Seborrheic dermatitis is a common skin condition. In babies, it tends to mostly affect the scalp and is known as “cradle cap”. In Older children and adults it can also affect the face and upper chest in some cases. It commonly affects the face or neck around the nose and at the scalp line.

5. Nummular Eczema

The word “nummular” comes from the Latin word for “coin” as the spots can look coin-shaped on the skin. They tend to be well-defined, but may be very itchy or not itchy at all. They can be very dry and scaly or can become wet and open. Nummular eczema appears typically on arms, legs and chest and mostly affects adults.

6. Neurodermatitis

Also known as lichen simplex chronicus, this form of eczema is a reaction to repeatedly scratching or rubbing the skin in one area over time. Like in atopic dermatitis, the itchy areas can become thickened with enhanced skin discoloration on the wrist, the ankle, groin or the back of the neck.. Unlike atopic dermatitis, the specific patches tend to always be present while the rest of the skin remains healthy.

7. Stasis Dermatitis

This type of eczema occurs on the calves, ankles and feet in people who have varicose veins or other conditions that lead to poor blood circulation in the lower legs. Instead of the normal blood flow through the veins back to the heart, varicose veins or a problem with the valves of the veins allows for pressure to develop.
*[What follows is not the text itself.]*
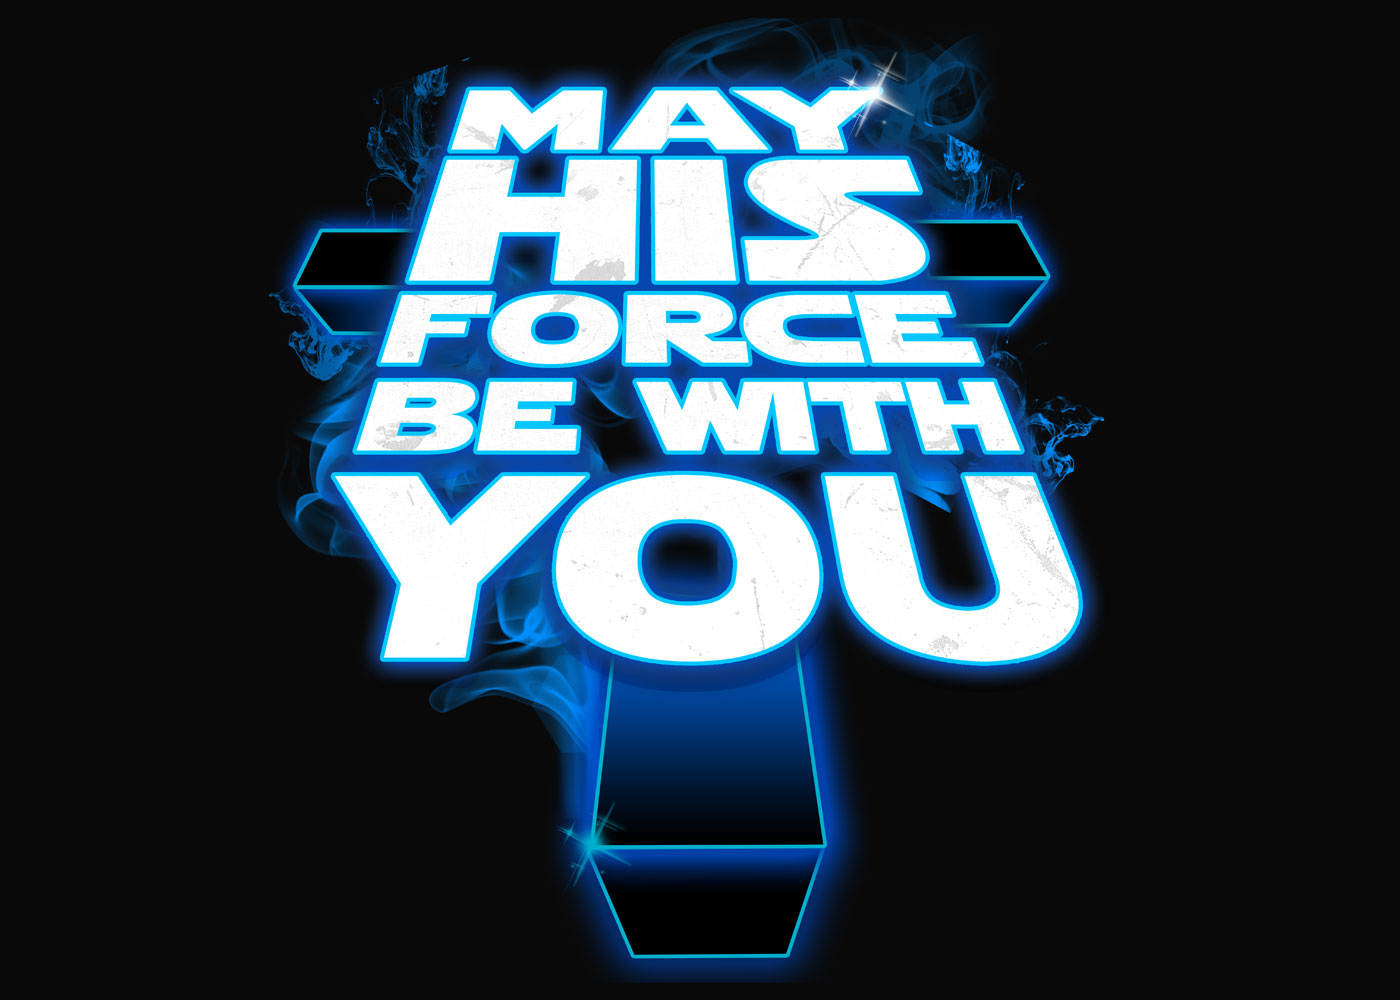 may the force be with you wallpaper,text,font,electric blue,logo,graphic design

This pressure results in fluid leaking out of the veins and into the skin, which then causes itching, swelling, skin darkening and scaling.

Best treatment for eczema

What is eczema best treated with? While there might not be one best treatment for eczema, more and more people are turning away from the conventional medicines to alternative medicines such as herbal remedies. As with any alternative method in treating a skin disease or disorder, it is important for patients to carefully discuss their options with a medical professional.  Some herbs have a high level of toxicity and while effective, may still lead to health complications if not used properly. Here are some of my favorite herb remedies:

  • After bathing, gently dry well, then apply eczema ointment such as chickweed, calendula or aloe vera cream, olive oil or evening primrose oil to help restore moisture and promote healing.
  • In case of eczema based on a nervous condition, take calming teas of lemon balm, peppermint and valerian.
  • Fresh juice of burdock leaf, stinging nettle, dandelion or chickweed to cleanse the body internally. Take 1Tbsp of juice daily.
  • In the evening, rub the affected areas with St. John's wort oil.
  • Allergic eczema can be relieved by bathing with camomile, chickweed, witch hazel, horsetail, comfrey or golden-seal: dissolve 2-3 tbsp. of herb for each quart of hot water and bathe skin.

Best Tip:So what is eczema doing to your self image? You don't have to worry about the scars that it leaves on your body and face apply aloe vera and see how this herb does miracles. It heals scars and  boosts your self confidence.  Try it and you won't be disappointed.